# WHAT TO PRODUCE
Print exactly, and only, the lines from the one that has "An aluminum cabbage" through the end of the material below, with both ends included and the pictures omitted.

# DATA BLOCK
---

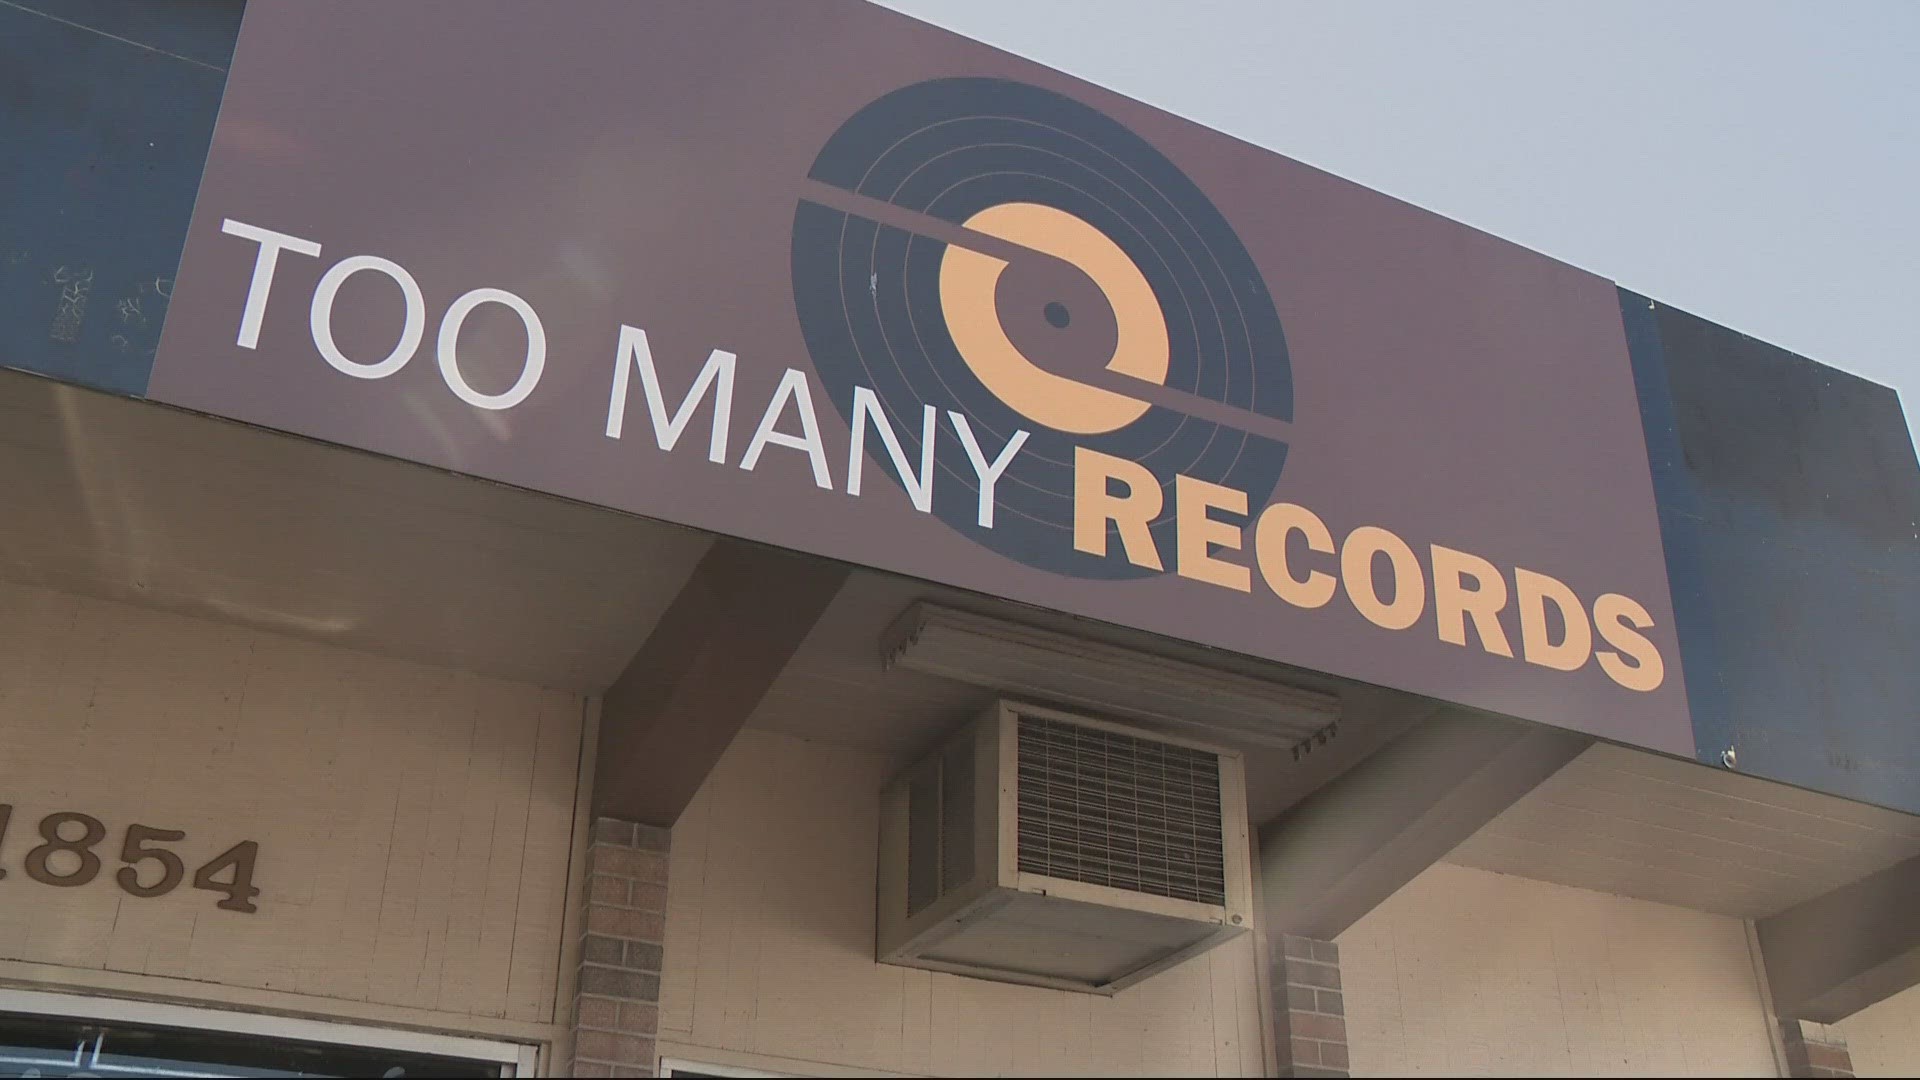 Too Many Records had a line outside before it opened this morning for its first Record Store Day deal, with some sharing why vinyl has made a comeback.
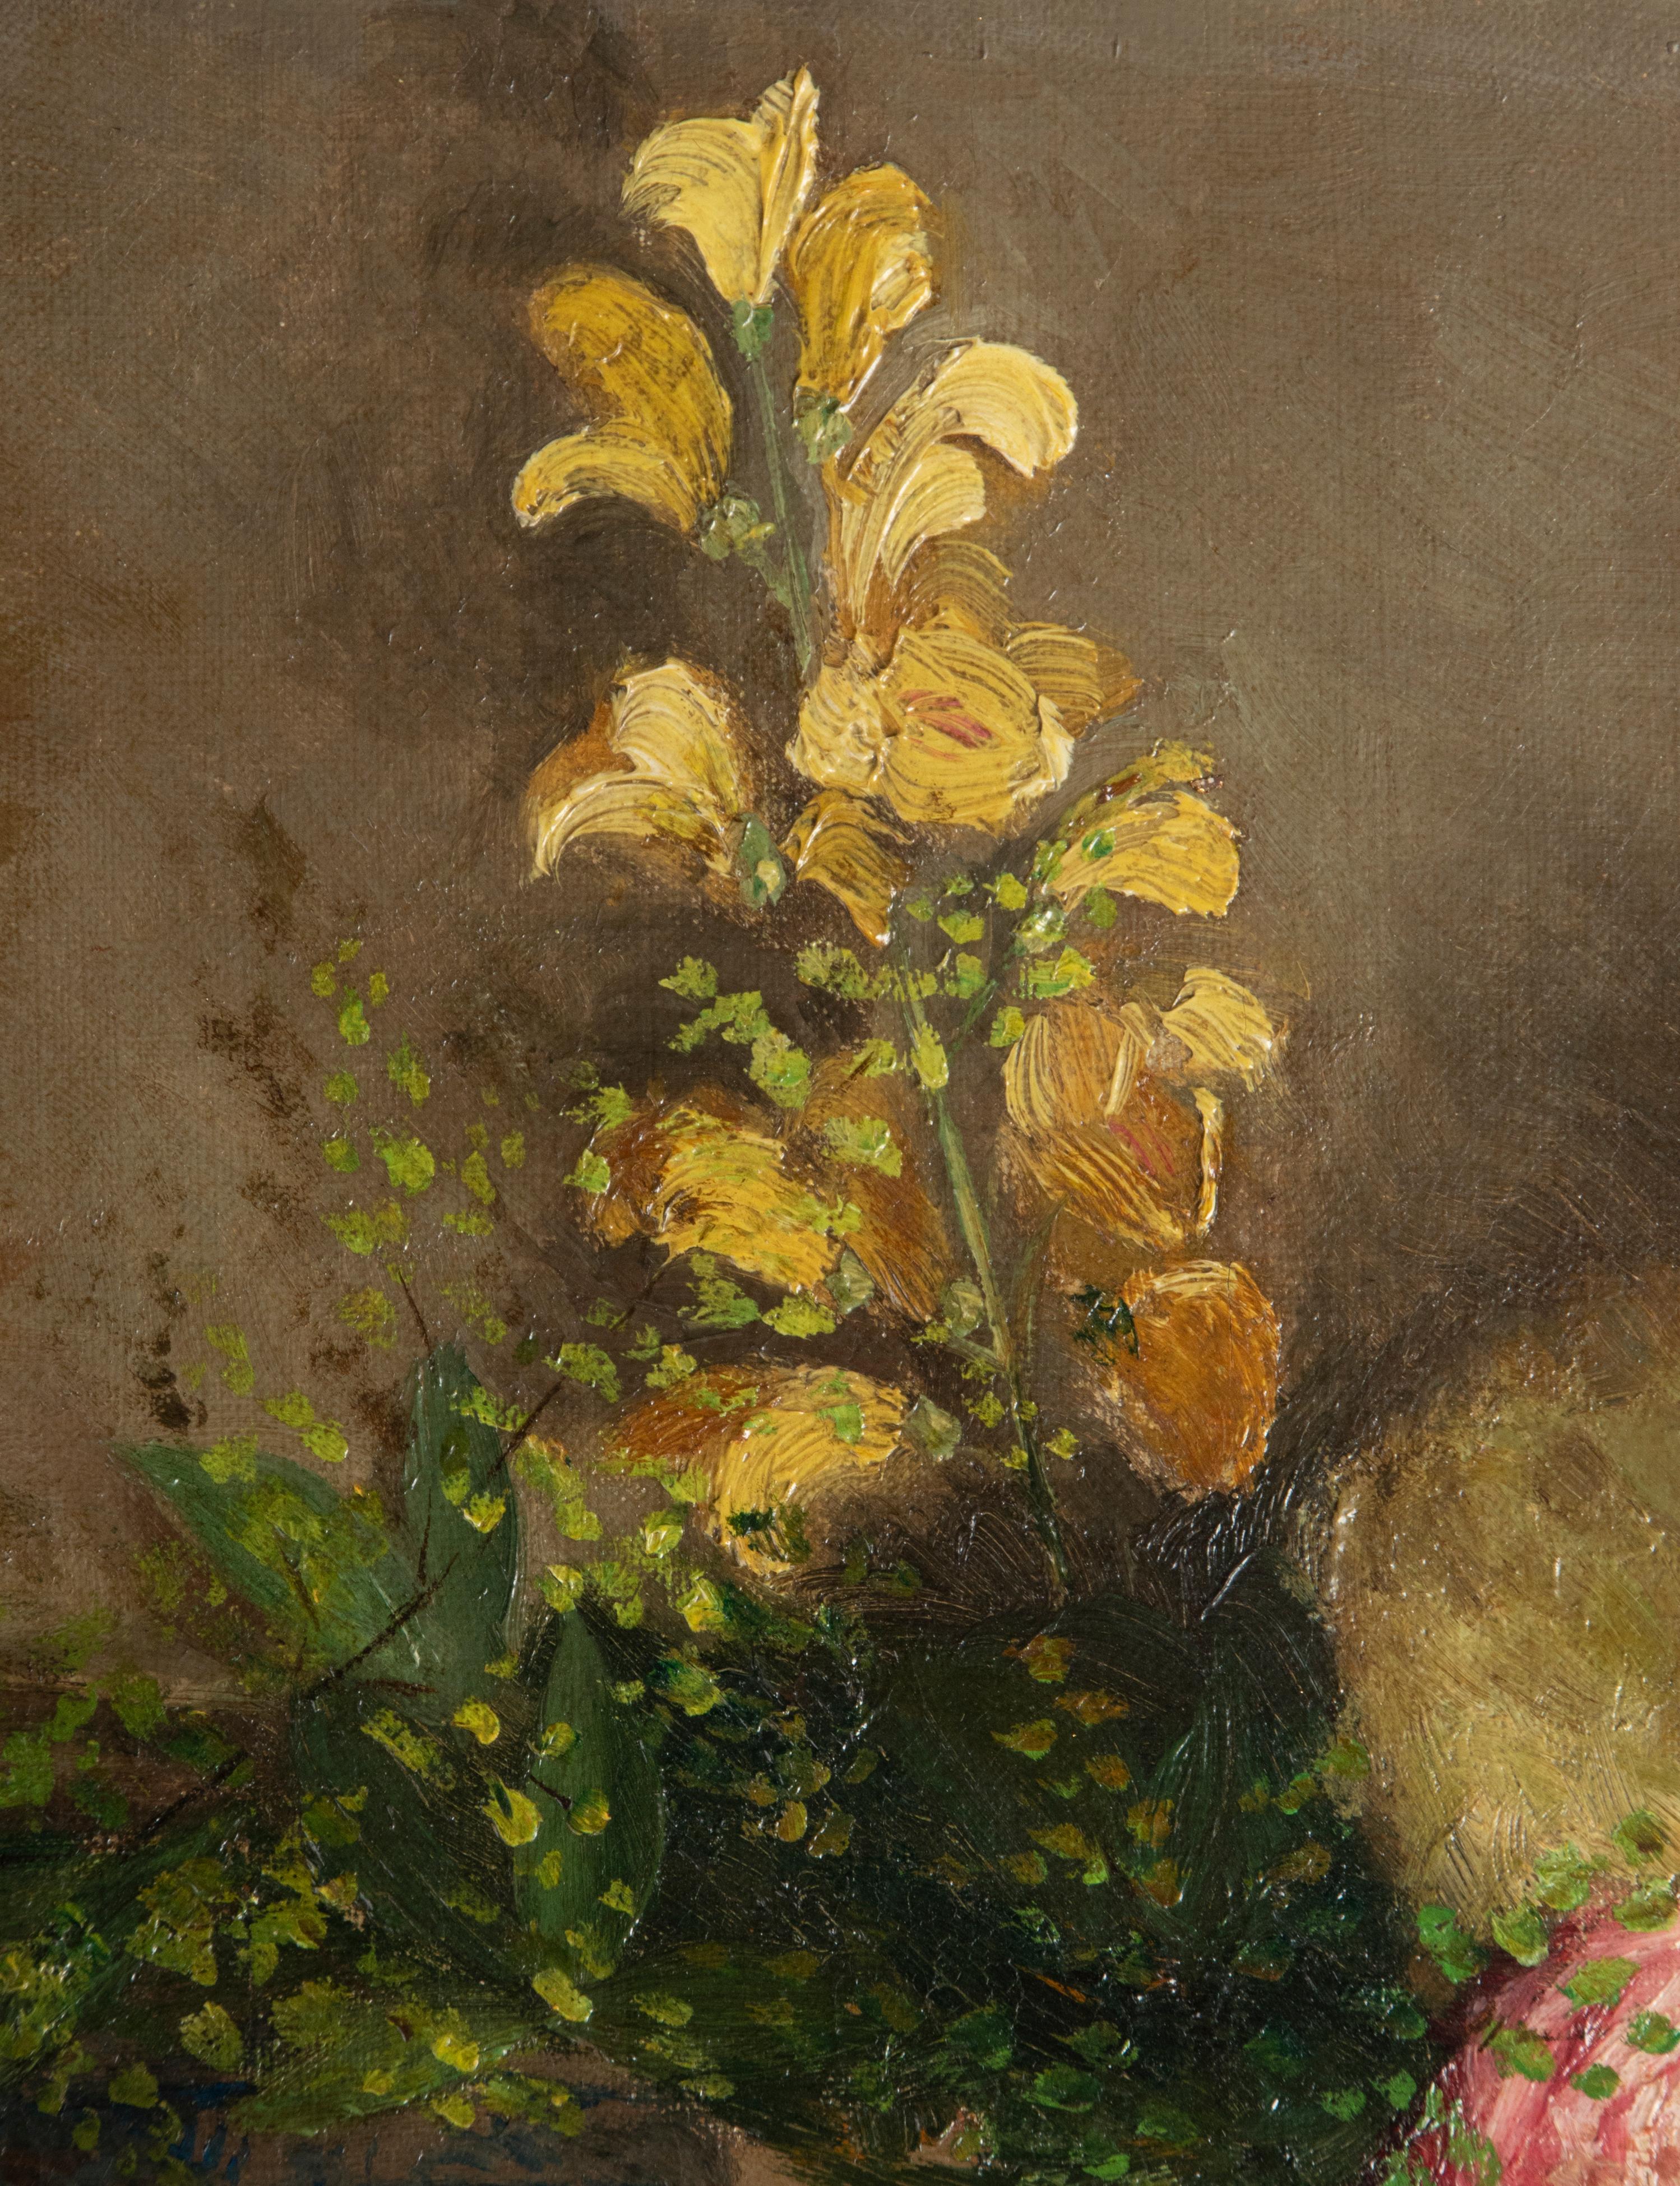 19th Century Flower Still Life Painting Oil on Canvas by M. Herwyn 2
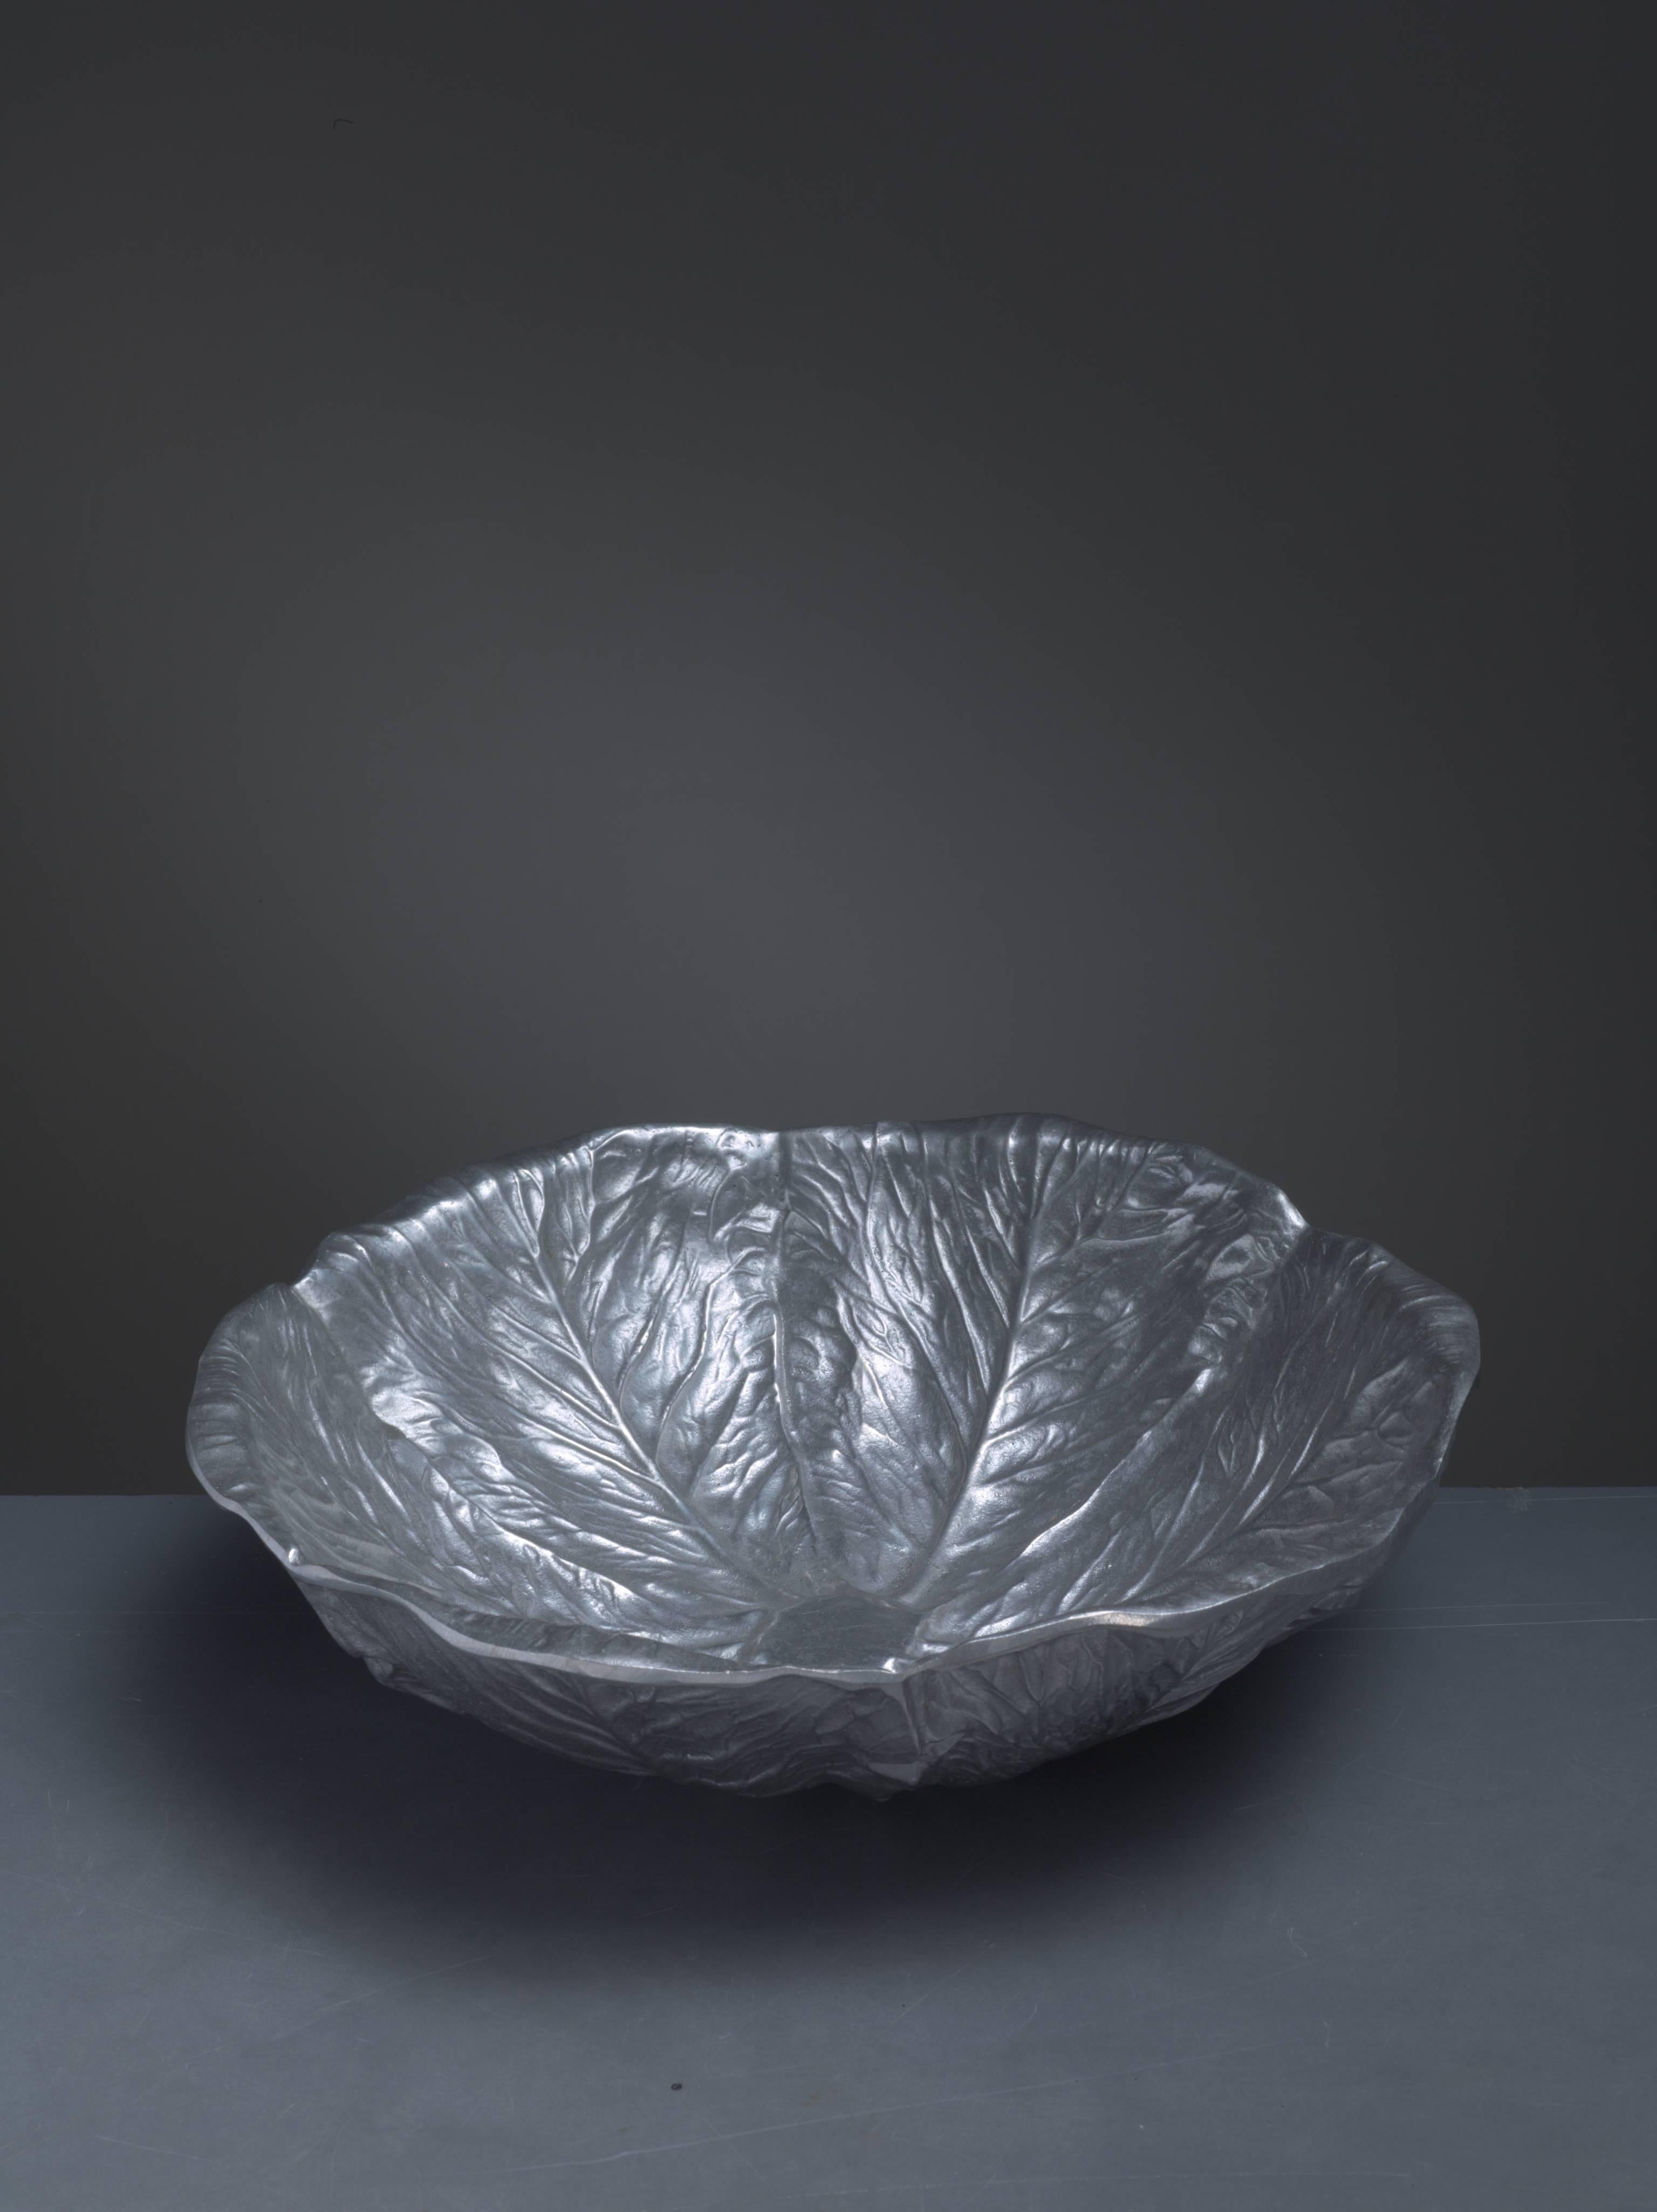 An aluminum cabbage leaf shaped bowl by Bruce Fox for the Wilton Company.
Marked and in a good condition.

---

# PROBLEM SOLUTION
 An aluminum cabbage leaf shaped bowl by Bruce Fox for the Wilton Company.
Marked and in a good condition.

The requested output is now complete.